As one of the world’s largest institutional investors, Allianz is supporting a research project designed to make climate risks measurable for investors. The project was unveiled at the annual conference of the UN Principles for Responsible Investment, which have also been signed by Allianz. The project is being led by Mercer Consulting and involves institutional investors from across the globe, accounting for combined assets under management of USD 1,500 billion. An interview with Karsten Löffler, CEO, Allianz Climate Solutions.
What impact is climate change having on investments? And how much of an impact can investors have on climate change?
Investors put their money into companies. Depending on the sector, these companies can be affected by climate change, for example if certain areas of the economy are subject to more stringent regulation or if the physical impact of climate change has an impact on economic activity. However, there are also additional investment opportunities in areas like renewable energy. In order to be able to recognize and assess these mostly medium to long-term market changes, we need clear, ideally quantifiable, information.
Our aim is to collect this sort of information from studies on climate change so that we can use it for our strategic asset allocation into the appropriate asset classes such as bonds, equities or real estate. This is an important first step towards including scientific and regulatory findings on climate change into the investment process. If we are successful with the exercise, this approach could well become a standard tool for investors.
This project turns climate-adverse CO2 into a measurable cost and investment factor. Companies which want to remain attractive to investors have to become climate-friendly.
How can Allianz apply the findings from the project?
We contribute to the project with our perspective as an investor and financial services provider in order to apply the findings to our company. One crucial aspect will be to ensure that there is a seamless connection between the results of the project and the specific risk models applied internally.
What do investors expect from the planned international climate agreement in 2015?
The necessary regulatory framework should be set by a global climate protection agreement in Paris at the end of 2015. This would provide much more transparency for investment decisions. For example, by highlighting the link between successful investments and measures to counteract climate change more clearly, particularly with regards to CO2-intensive sectors.
A high-profile expert panel recently concluded that investment decisions made in three areas over the course of the next 15 years – namely, cities, land use and energy systems – will be of critical importance to achieve the climate targets.
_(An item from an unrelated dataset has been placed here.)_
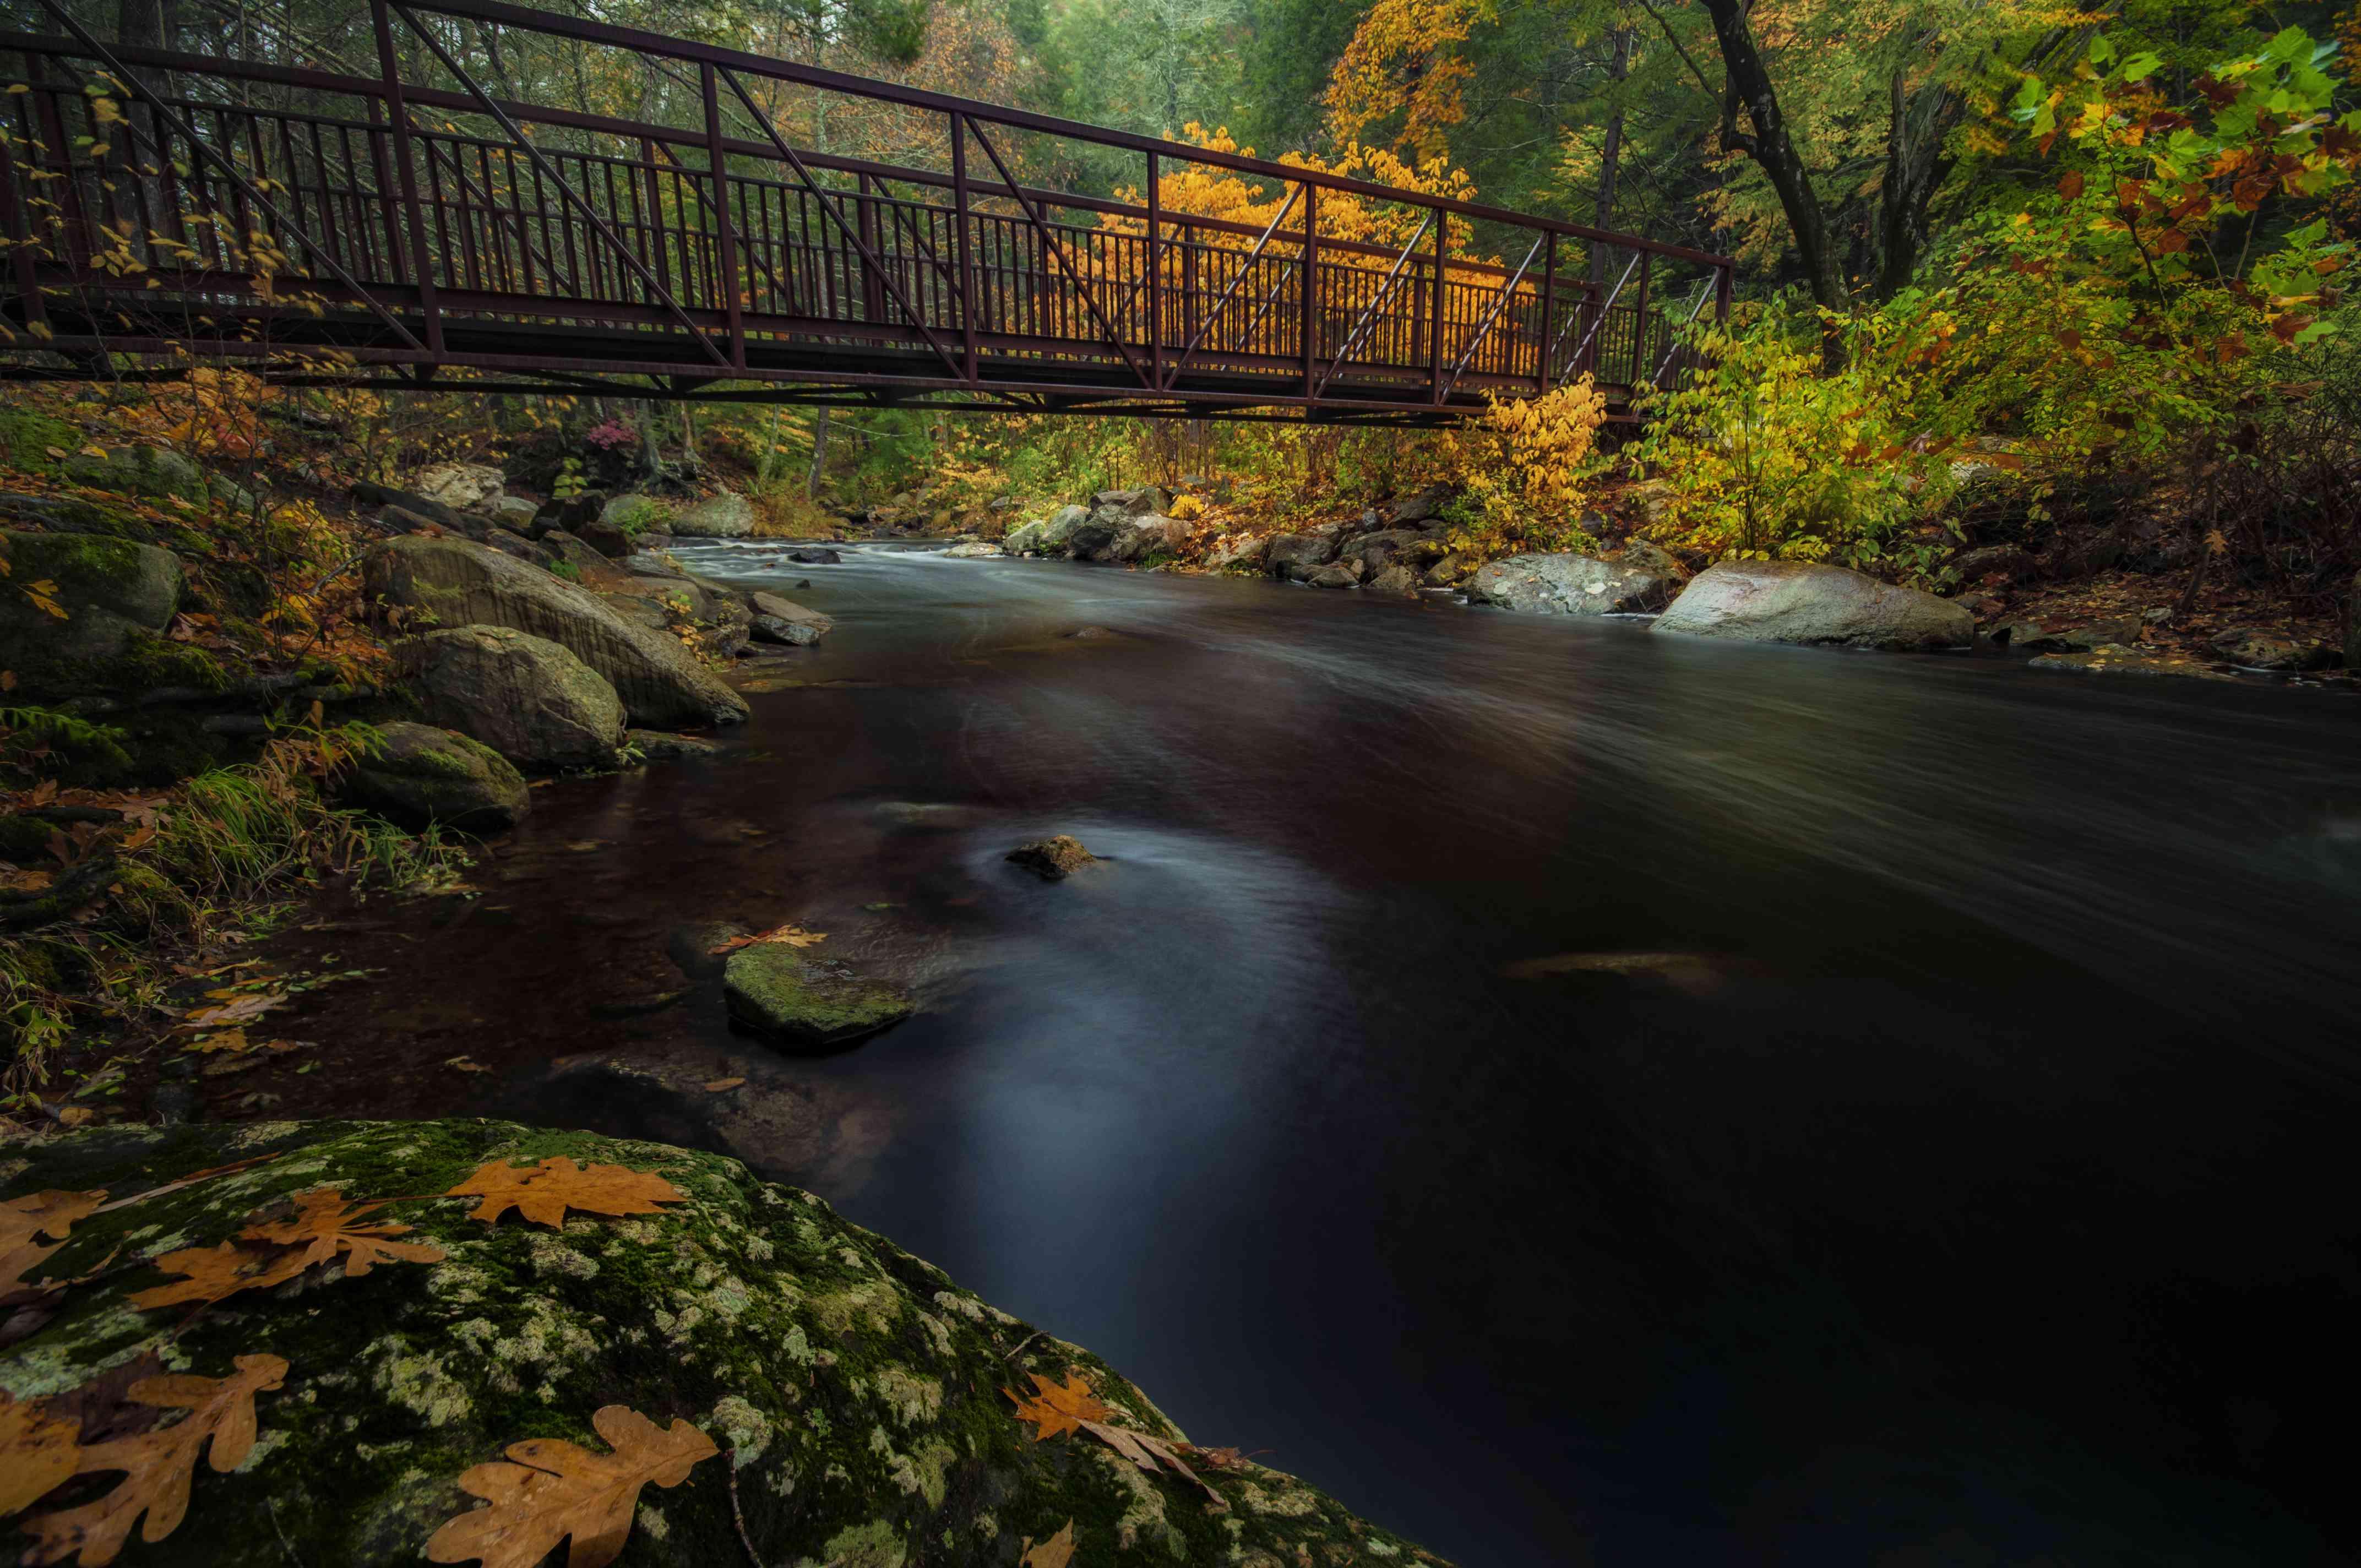 Bridge in Mashamoquet Brook State Park in fall, Connecticut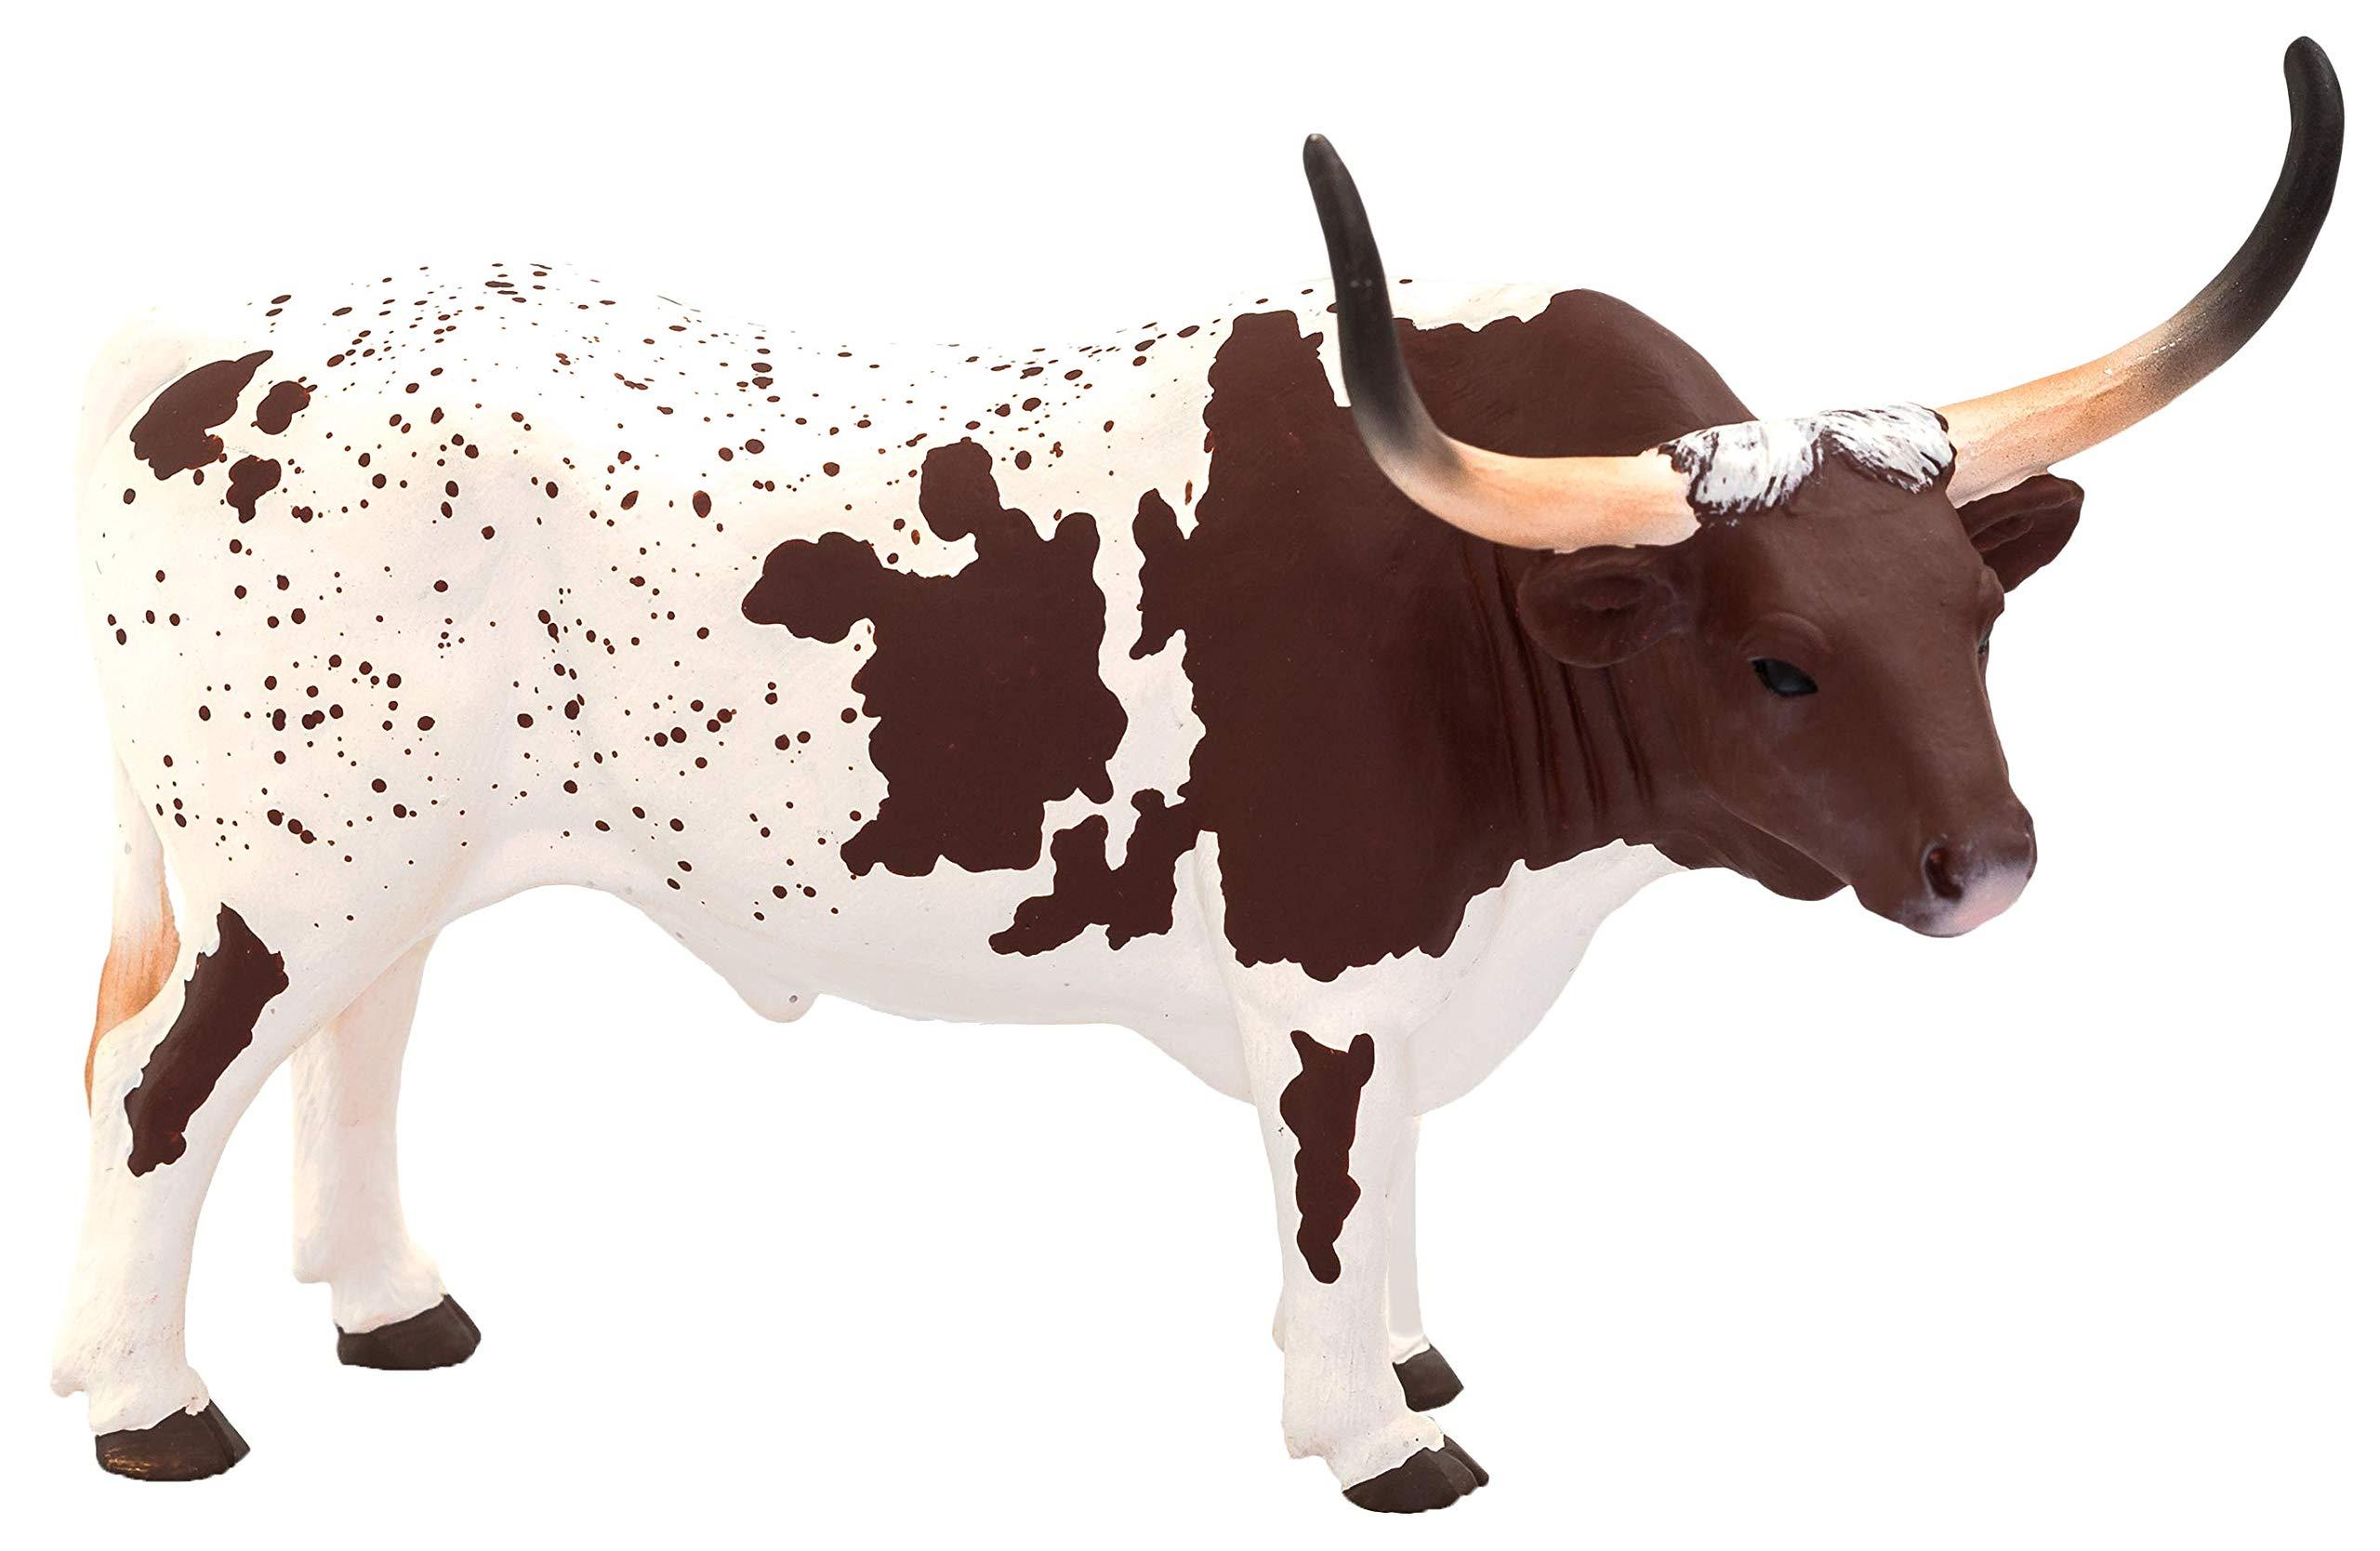 MOJO Texas Longhorn Bull Realistic Farm Animal Toy Replica Hand Painted Figurine

As a result, 350 institutional investors from around the world are calling for swift progress in setting the political framework.
Within this context, we must not forget that technological developments – for example, the considerable reduction in costs associated with renewable energy, the trend towards a less centralized electricity market and the increase in exploration costs for fossil fuels – will also have a crucial impact on the competitiveness of CO2-intensive sectors. This is why financial institutions, irrespective of the political situation, are now focusing more on these issues.